High school receives $3.7M to build eight classrooms
Made for 1,100 students, St. Joseph's current enrolment is roughly 1,300
To address a growing student population, Windsor's St. Joseph's Catholic High School is getting $3.7 million from the provincial government to build eight additional classrooms.
Local MPP Andrew Dowie (PC — Windsor-tecumseh) visited the east Windsor school on Tuesday and joined members of the Windsor-essex Catholic District School Board to announce the provincial investment.
The funding is expected to create 184 new spaces for students at St. Joseph's Catholic High School by 2026.
The board's director of education, Emelda Byrne, described the additional spaces as “very welcome” considering the “accommodation pressures here at the school.”
St. Joseph's, built to replace the former high school of the same name, opened in 2006 and was originally built to accommodate 1,100 students. Total enrolment currently sits around 1,300 students.
Byrne said the issue of increasing enrolment is not exclusive to St. Joseph's Catholic High School; rather, it's a trend across the school board.
“We see that in Lakeshore, we see it here in East Riverside, with the whole expansion of the EV (electric vehicle battery) plant coming. We see it in South Windsor,” she said. “So in different pockets of the city and the county, we're seeing an expansion and growth in enrolment.”
Construction on a new residential subdivision is underway on adjacent lands next to St. Joseph's.
Dowie, representing the Ford government, said the planning process had taken so long that “the estimates on student population have not entirely been consistent with what the student population becomes.”

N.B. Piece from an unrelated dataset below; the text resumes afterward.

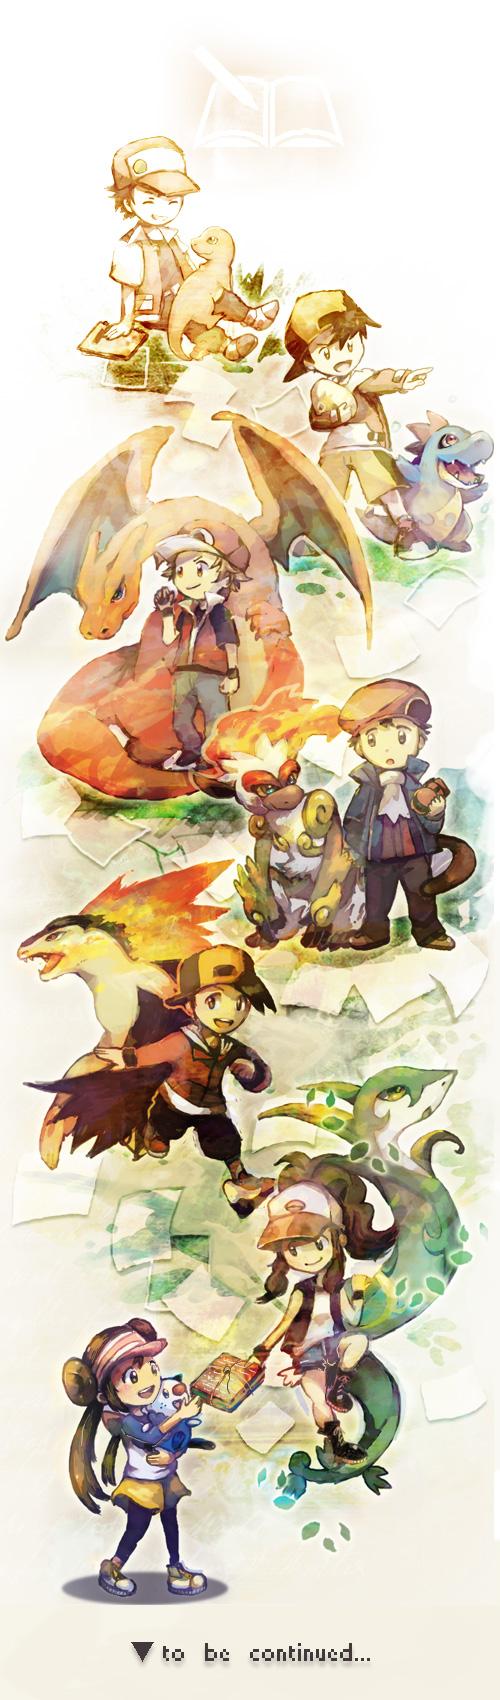 Tags: Anime, Sin Hitonatsu, Pokémon, Typhlosion, Charmander, Touko (Pokémon), Charizard, Infernape, Kouki (Pokémon), Mei (Pokémon), Red (Pokémon), Oshawott, Croconaw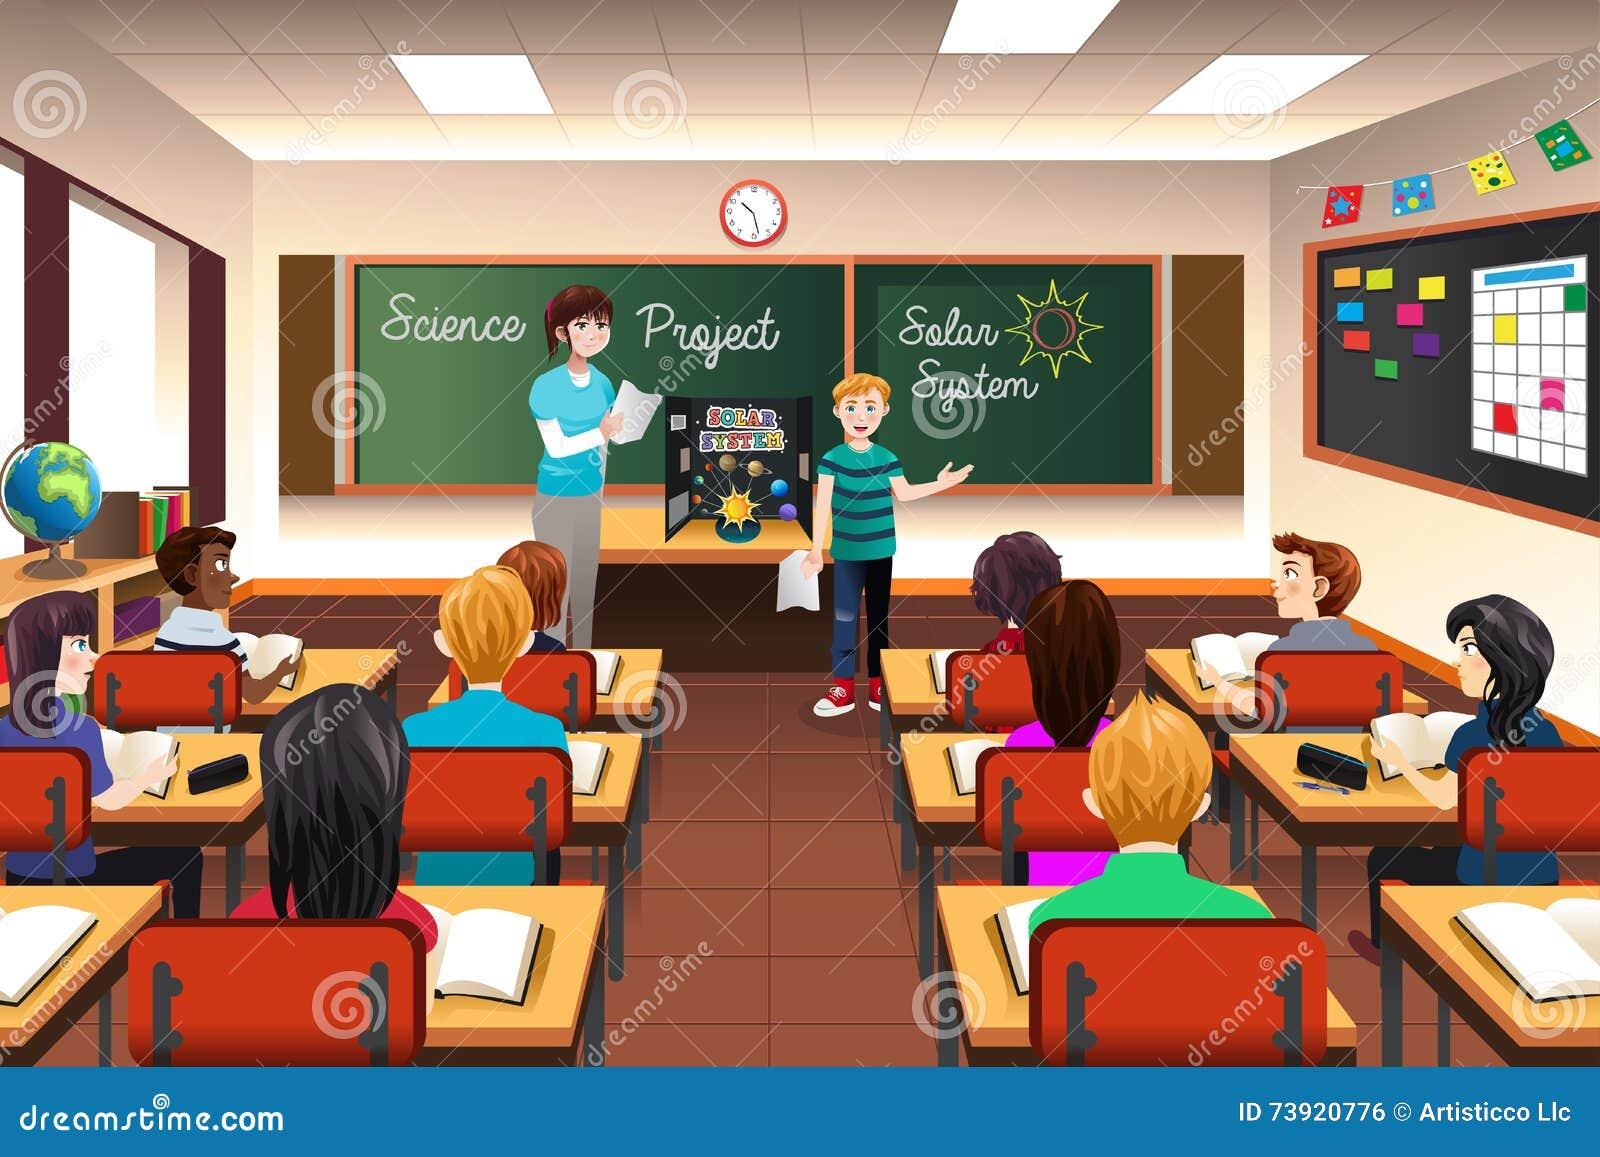 student having science presentation stock vector illustration of

“So we need to have a better process that's faster, that's more nimble, that reflects the actual student population.”
The project is part of the Ministry of Education's capital priorities program, a $1.3-billion plan announced by Education Minister Stephen Lecce last December, that will support school construction, repairs and expansions in the coming academic year.
The investment will help create more than 27,000 student spaces and 1,700 licensed childcare spaces at schools across Ontario.
“I'm delighted to put in a great word for all of our local school boards and for the students for our community who need better facilities,” said Dowie. “We have legacy schools that may not meet the quality of education that we expect today.
“So I'm going to keep on pushing more and more, and as long as I'm there, to ensure that we have facilities that are high-quality learning environments that allow our students to have the best skills opportunities that they can obtain.”
Byrne said an architectural team and contractor will be selected next year, and anticipates groundbreaking on the northeast side of the building to begin by the summer of 2025.
She said the school board will use the current capital priority funding — which the high school applied for last October — but will also request additional support from the Ministry of Education if needed in the future.
Dowie said this funding announcement is the first in a series, with more to come. Tuesday's investment announcement is part of the province's broader pledge to allocate roughly $16 million toward schools in the coming decade.
“We have a lot more cheques to write as we receive the proposals and ultimately get the funds in place,” he said.
“I look forward to bringing as much of that home to the benefit of our students.”